**WHAT NEEDS TO BE DONE**
Scan the records below for the line with "BZgA_Manual_Farben" and the line with "Menschwear Men's Geniune", and retype that range exactly, both ends included, pictures excepted.

**DATA FOR THIS EXERCISE**
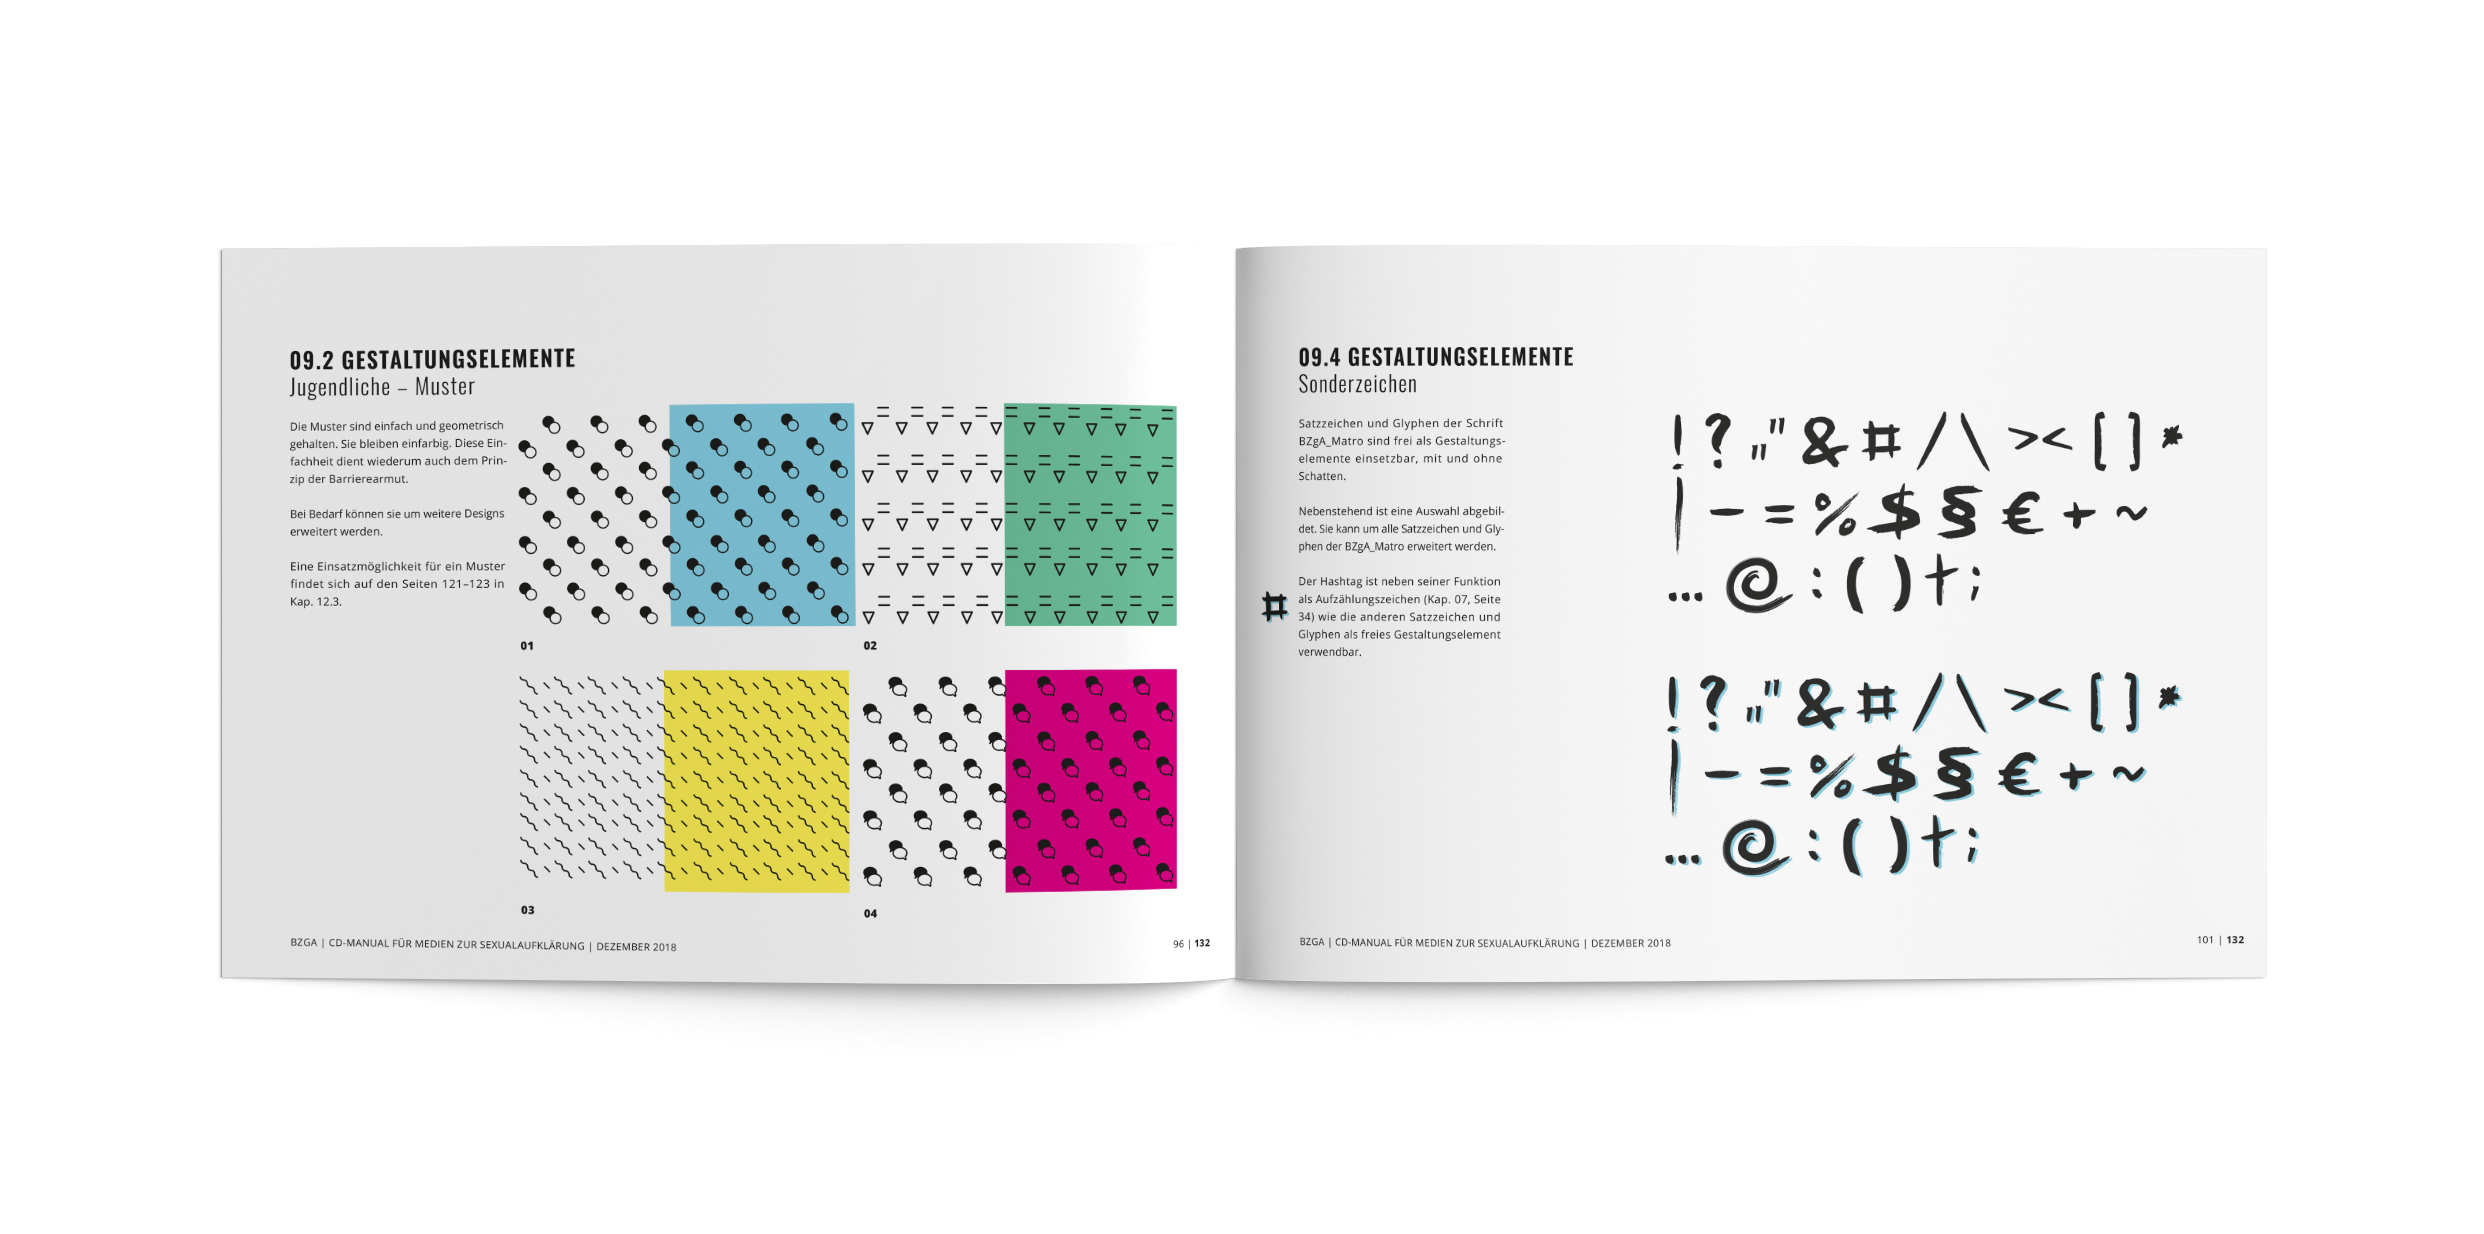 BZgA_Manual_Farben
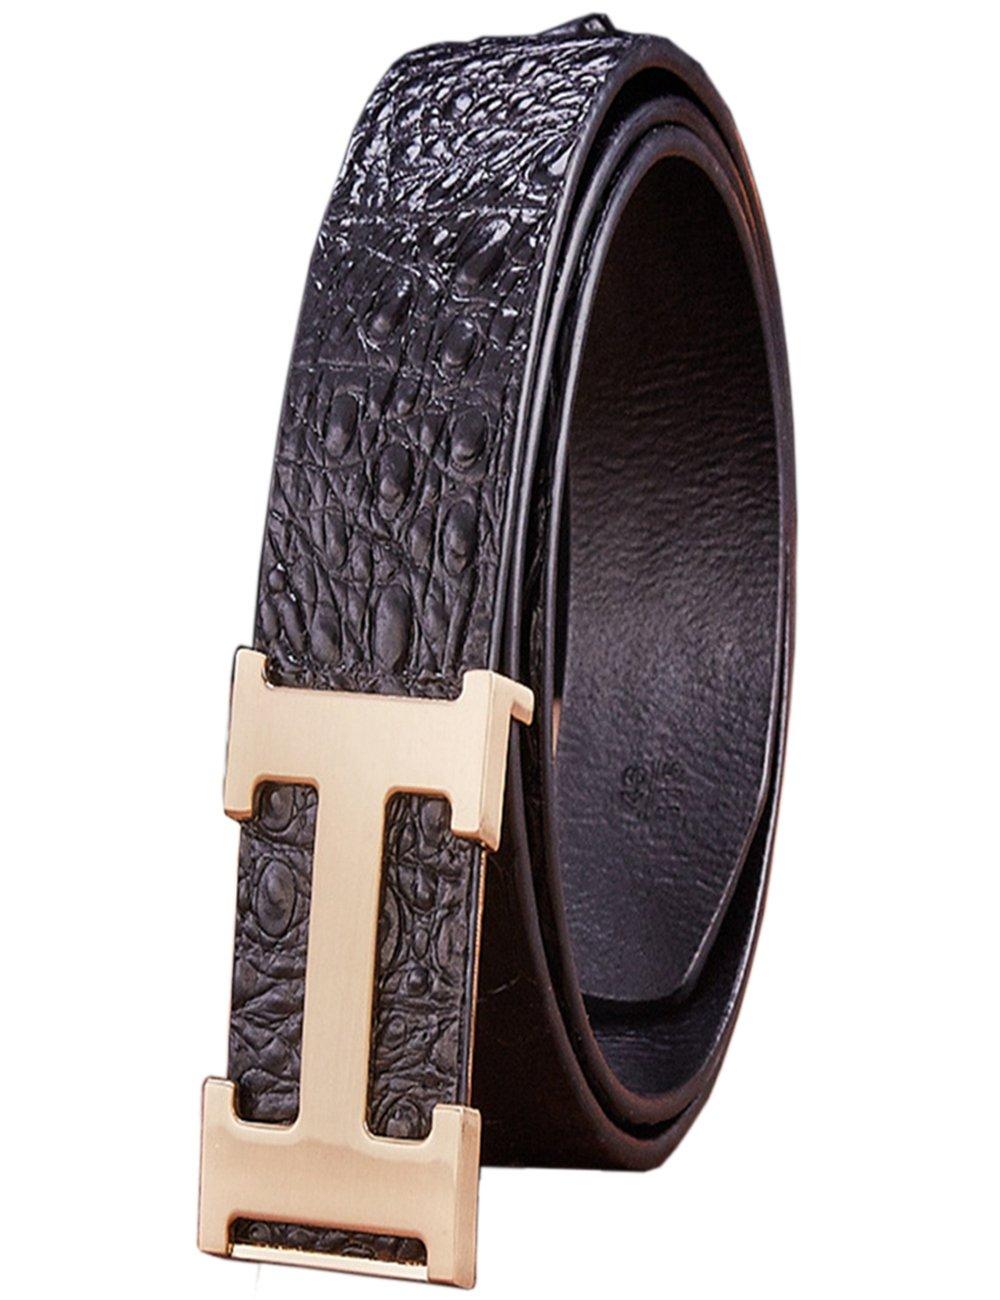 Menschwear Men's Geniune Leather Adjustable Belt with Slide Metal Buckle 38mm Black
* * *
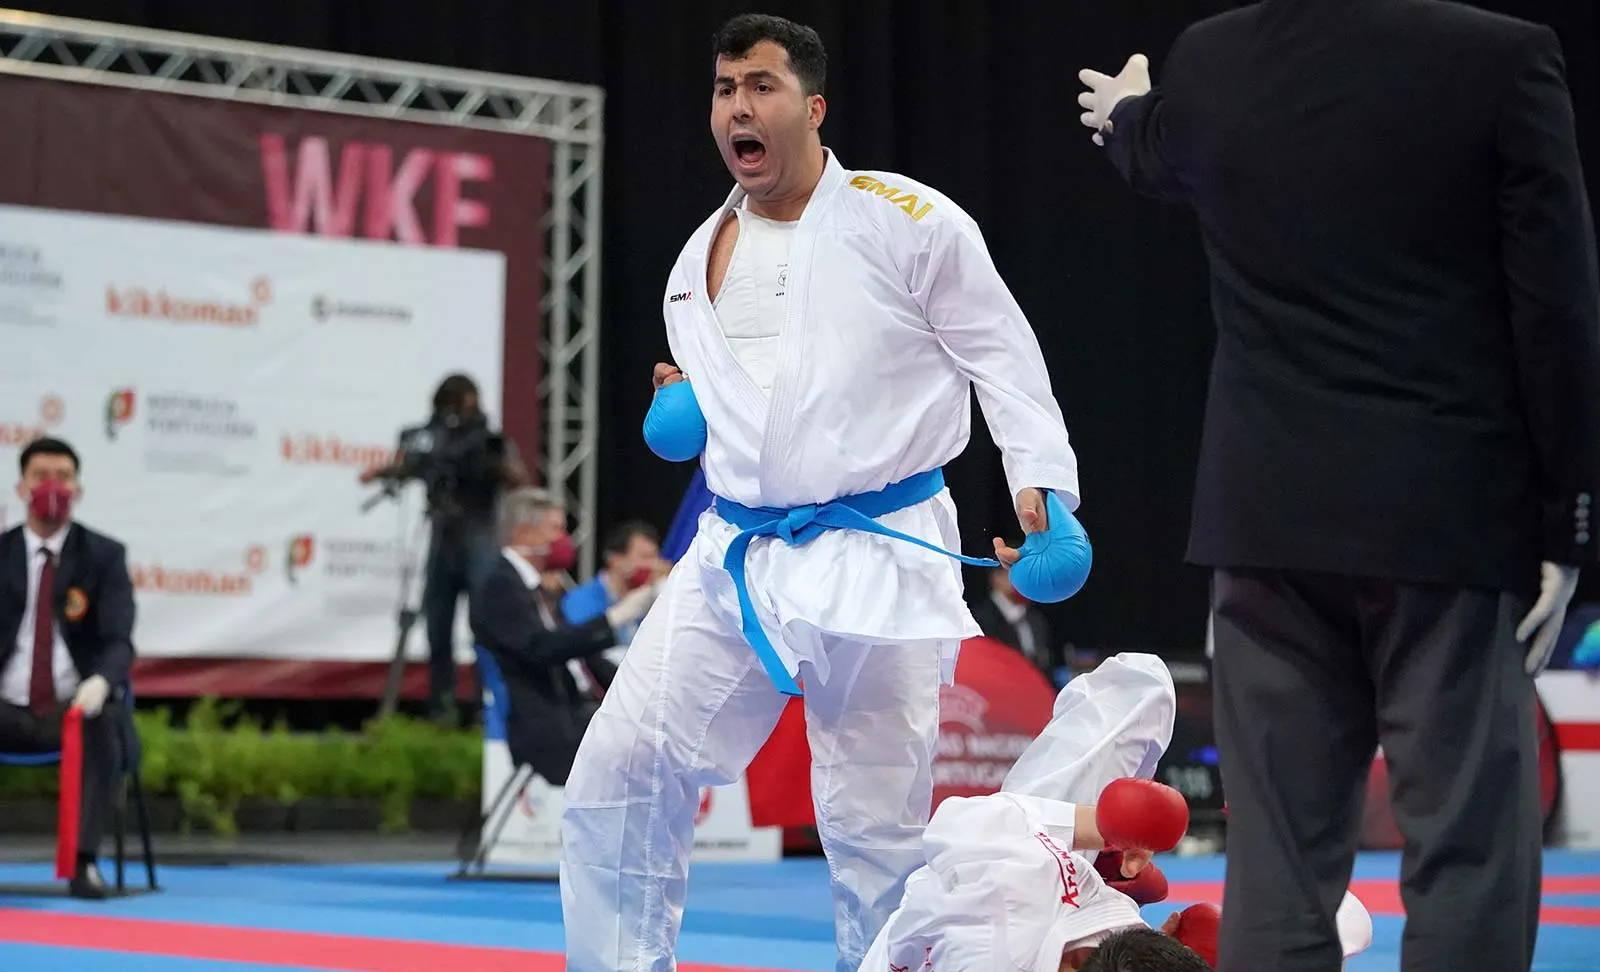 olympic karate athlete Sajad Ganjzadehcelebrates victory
==
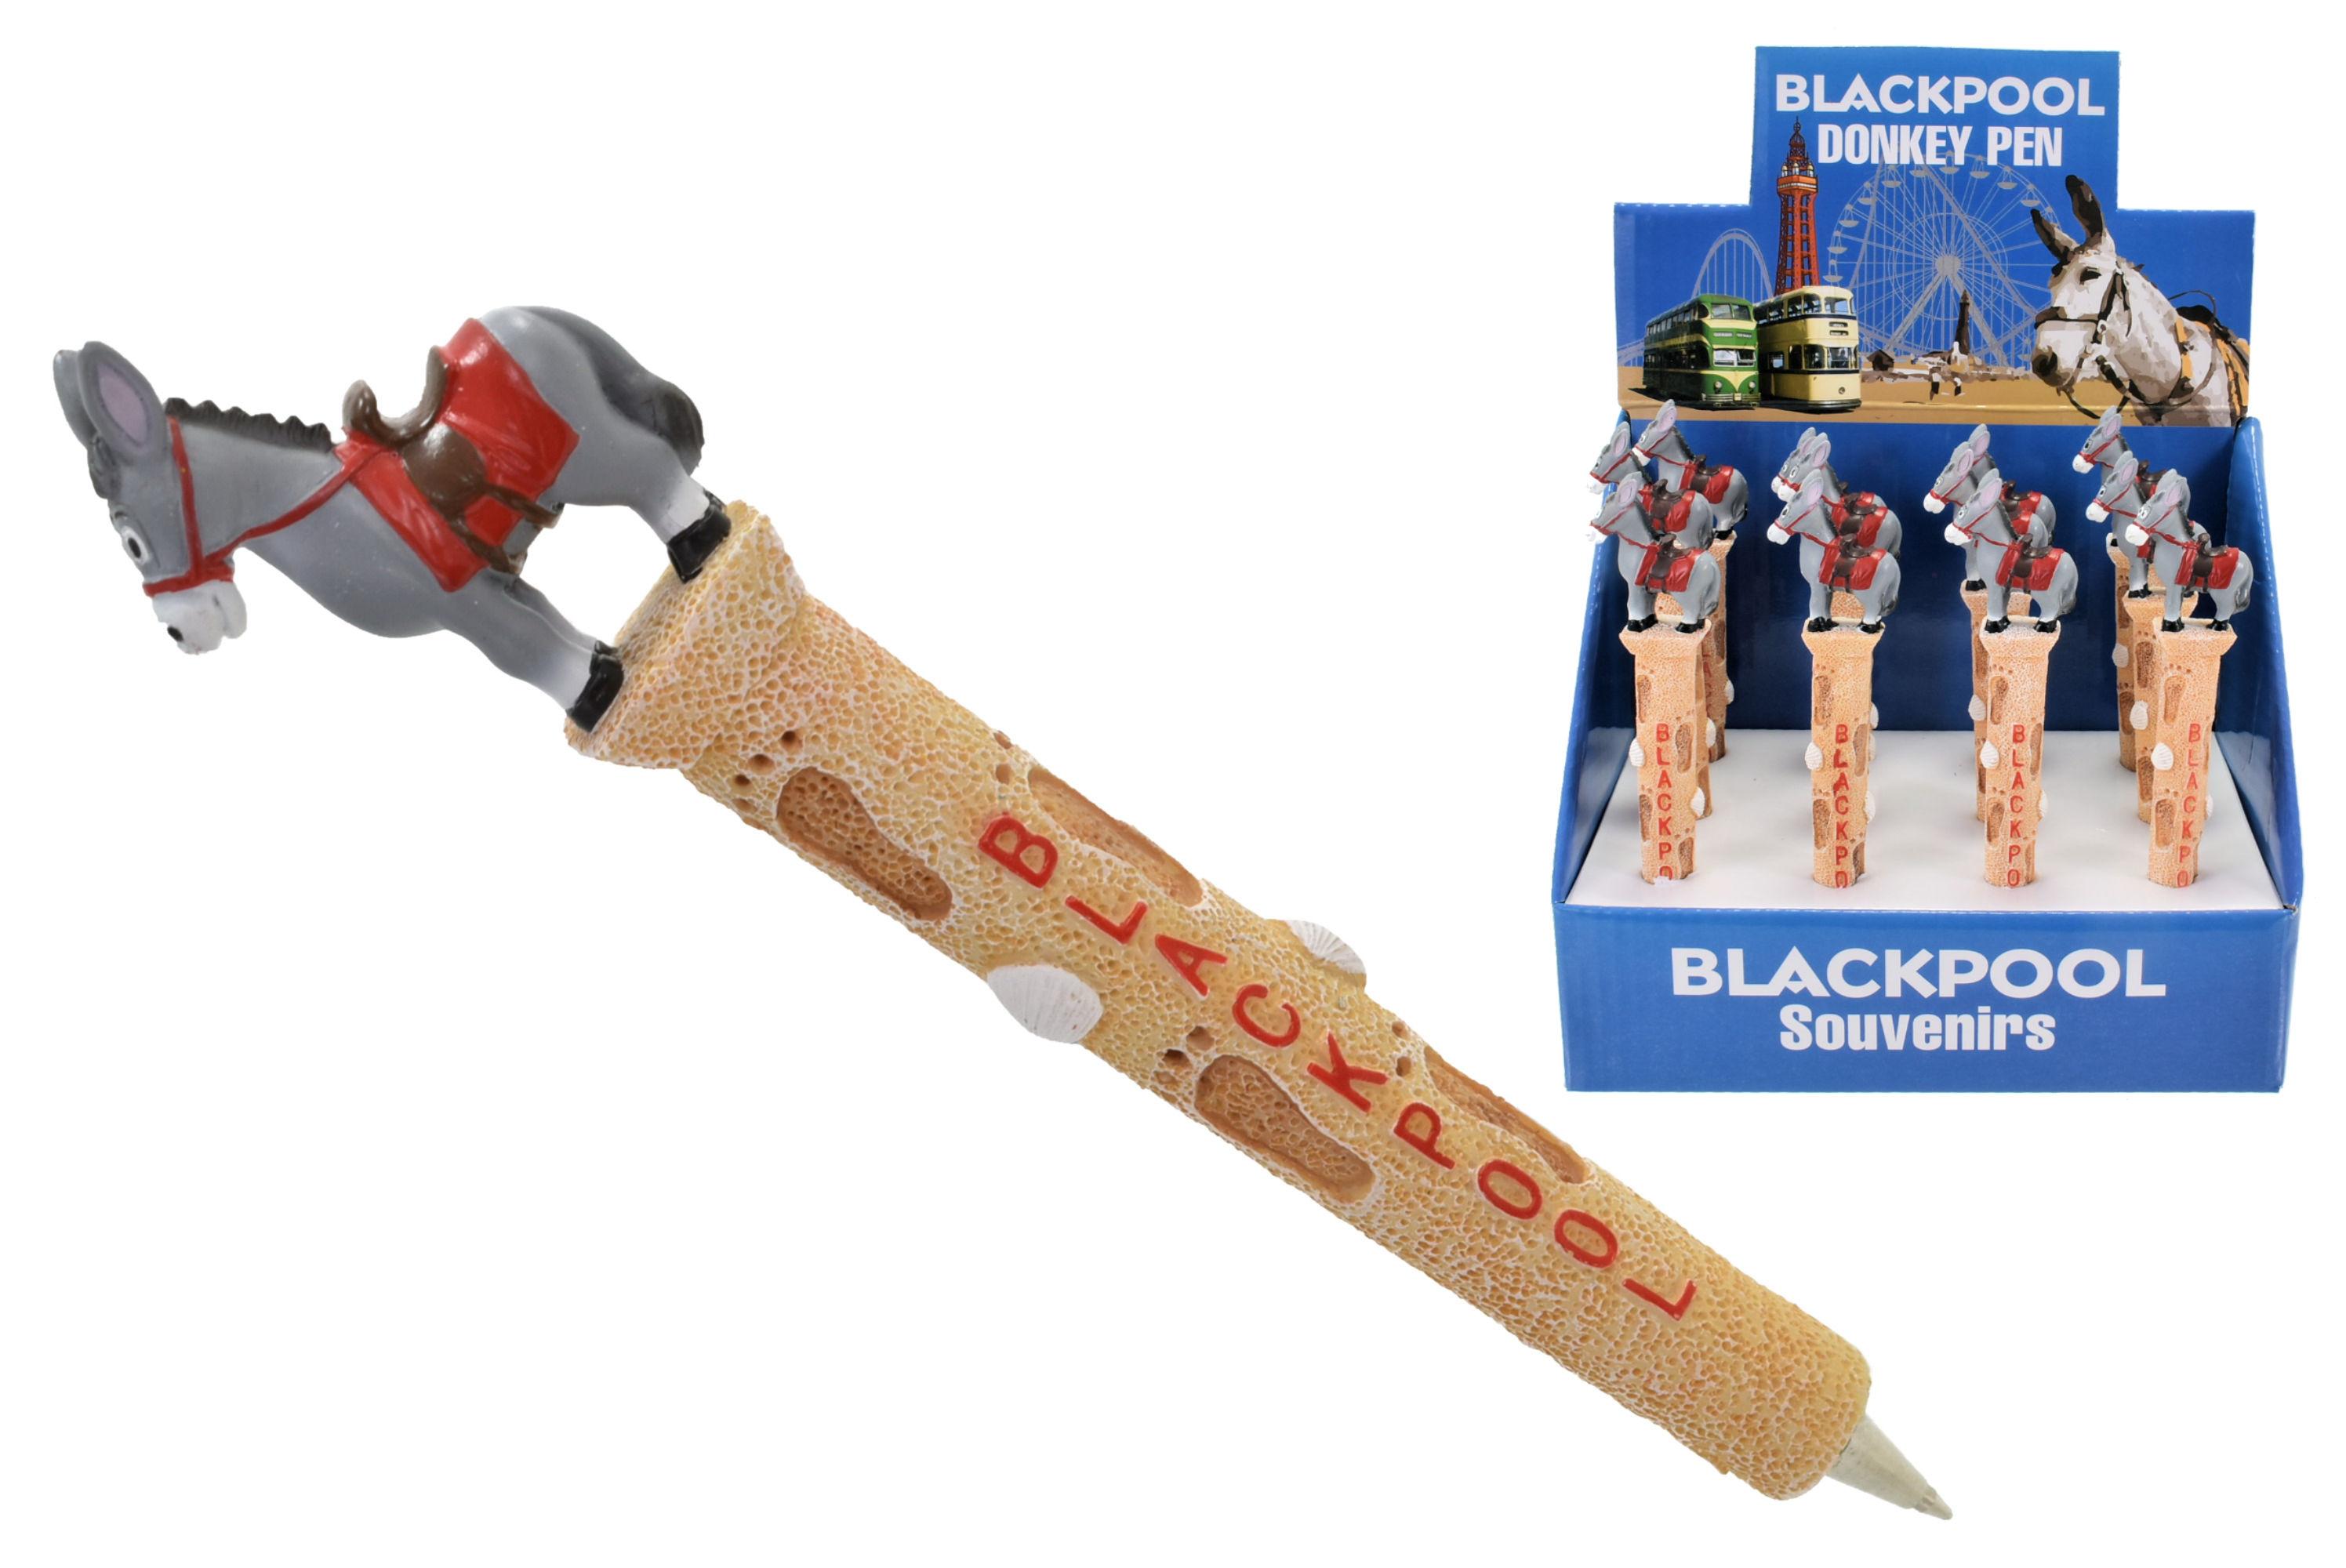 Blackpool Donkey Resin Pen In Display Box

**EXERCISE ANSWER**
 BZgA_Manual_Farben
 Menschwear Men's Geniune Leather Adjustable Belt with Slide Metal Buckle 38mm Black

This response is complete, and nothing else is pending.